Workers at U.S. nuclear regulator fooled by phishers

Nuclear Regulatory Commission employees were tricked into disclosing passwords and downloading malware in three phishing attacks that occurred over a three-year period.

The incidents were described in an inspector general report obtained by the publication Nextgov through an open-records request.

In one incident, the attackers sent email to 215 NRC employees, asking them to verify their accounts by clicking on a link and logging in with their user name and password.

A dozen employees clicked on the link, which actually connected to a spreadsheet on Google Docs. After the incident was reported, the NRC cleaned the workers' systems and changed their credentials, a commission spokesman told Nextgov.

In another incident, attackers tricked an employee into clicking on an email link that downloaded malware from Skydrive, Microsoft's file hosting service that is now called OneDrive. The employee was one of a number of workers who received email in the spearphishing attack, the report said.

Both of the attacks originated from foreign countries that were not identified.

In the third incident, the attacker hacked an employee's email account and used the contact list to send email carrying a malicious attachment to 16 other employees, according to Nextgov. One employee opened the attachment, which infected the NRC computer.

Whether the attack was from a foreign country was not known.

The inspector general report listed 17 compromises or attempted compromises that occurred from 2010 to November 2013, Nextgov said.

During the 2013 fiscal year, U.S. government agencies reported 46,160 "cyber-incidents" in which computers were compromised, according to a report by the Government Accountability Office. The number represented a 33 percent increase from fiscal 2012.

The NRC's job is to ensure that the nation's nuclear power industry is following federal safety regulations.

Because the NRC collects large amounts of information from nuclear facilities, the attackers were likely after that data to learn more about plant operations, Andrew Gintner, vice president of industrial security at Waterfall Security Solutions, said.

"It's clear that they're doing information gathering," Gintner said. "The question is why would you bother gathering this kind of information?"

Terrorists could use the information to plan an attack, while many nation states would likely be building a knowledgebase on U.S. nuclear facilities, Gintner said. Such a database would give them options, if a conflict occurred.

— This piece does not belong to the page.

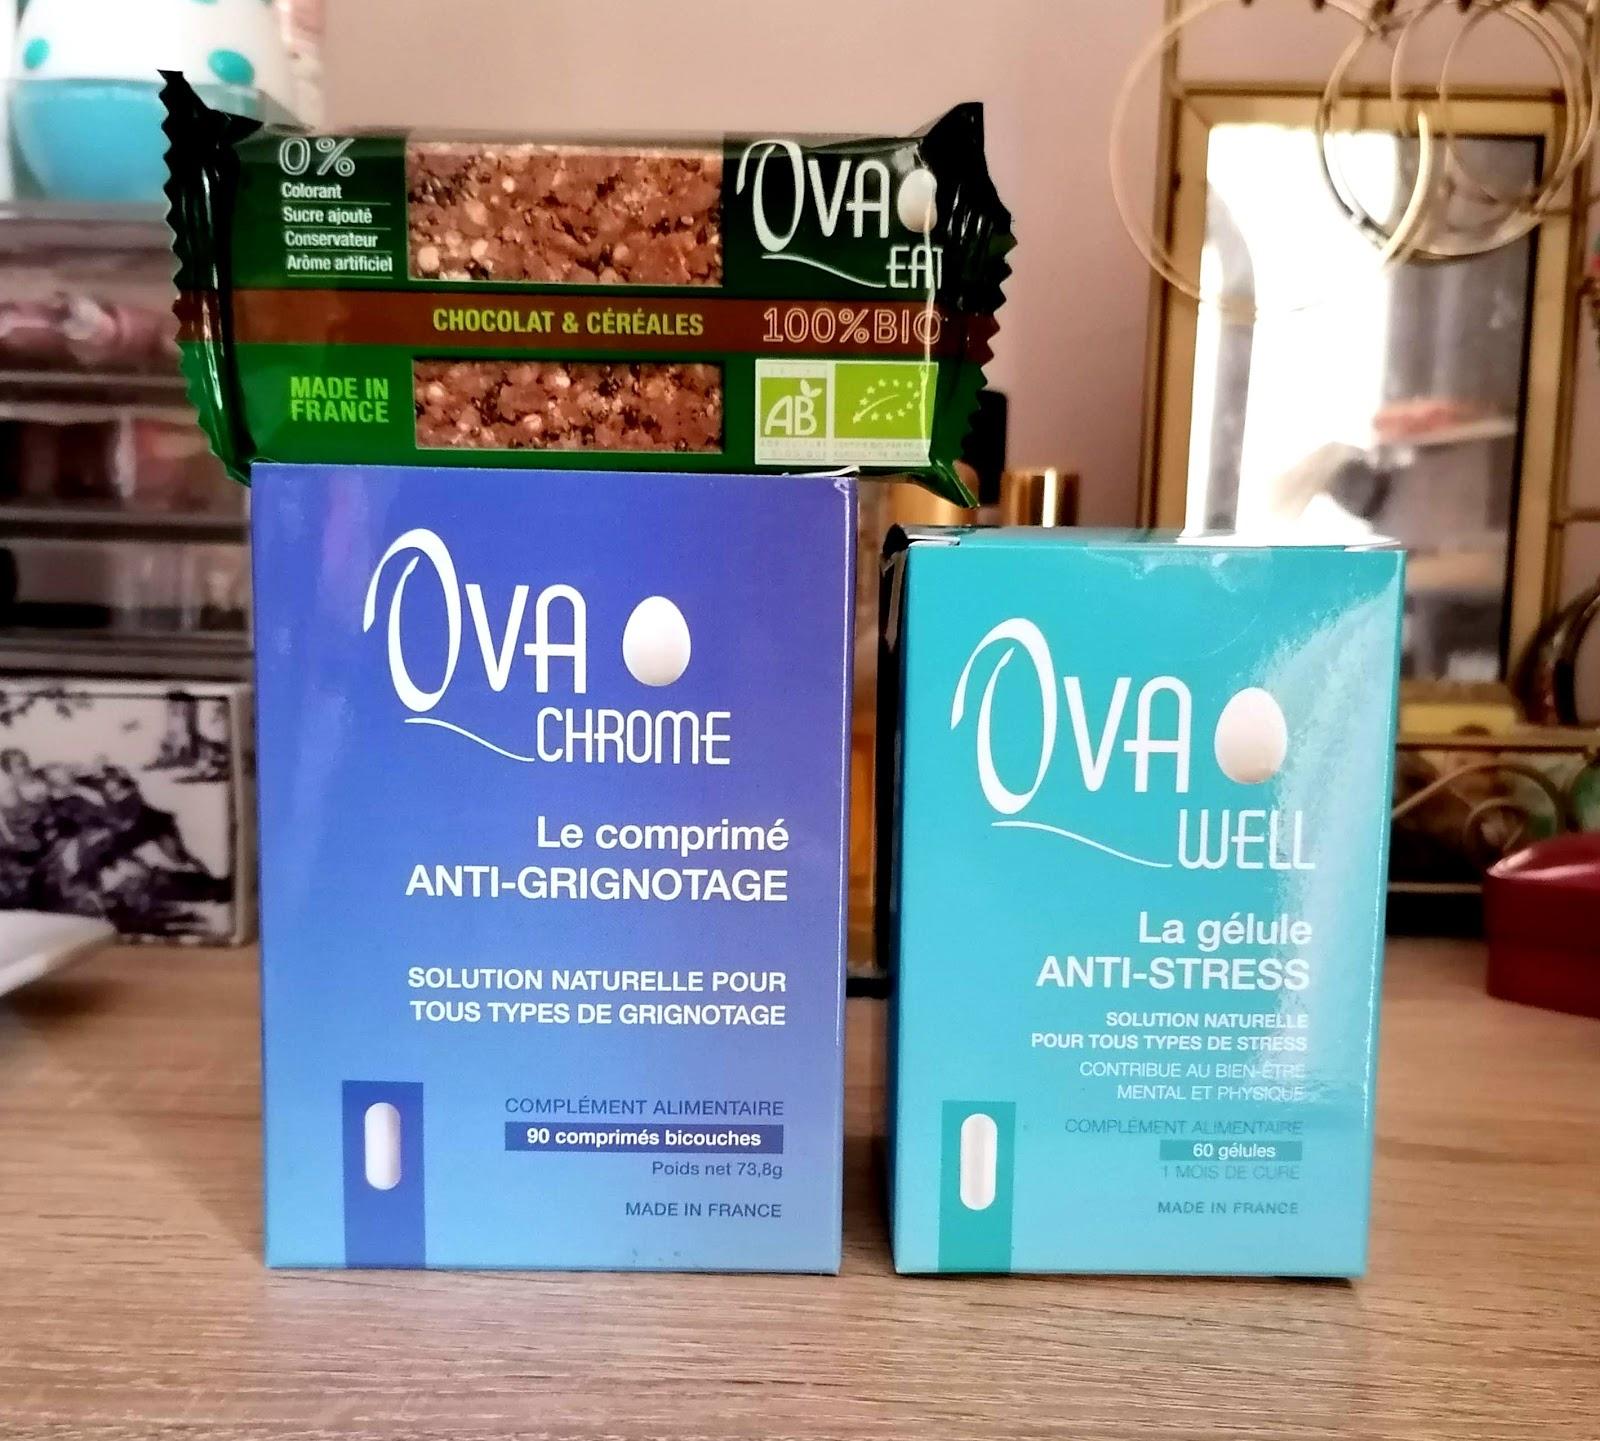 OVAWELL / OVACHROME / OVAEAT : la santé et le bien-être par la nutrition avec Nutreven

"This is a serious kind of incident, not because 'help, help, they're attacking a reactor,' but because somebody is doing information gathering, and you generally don't gather this information for benign purposes," Gintner said.

The attacks described by the inspector general were successful despite the annual training NRC employees receive every year to help spot phishing attempts.

"We can inoculate ourselves to be secure 90 percent of the time, but to be 100 percent secure is really darn near impossible," Adam Bosnian, executive vice president of the Americas at security company CyberArk, said.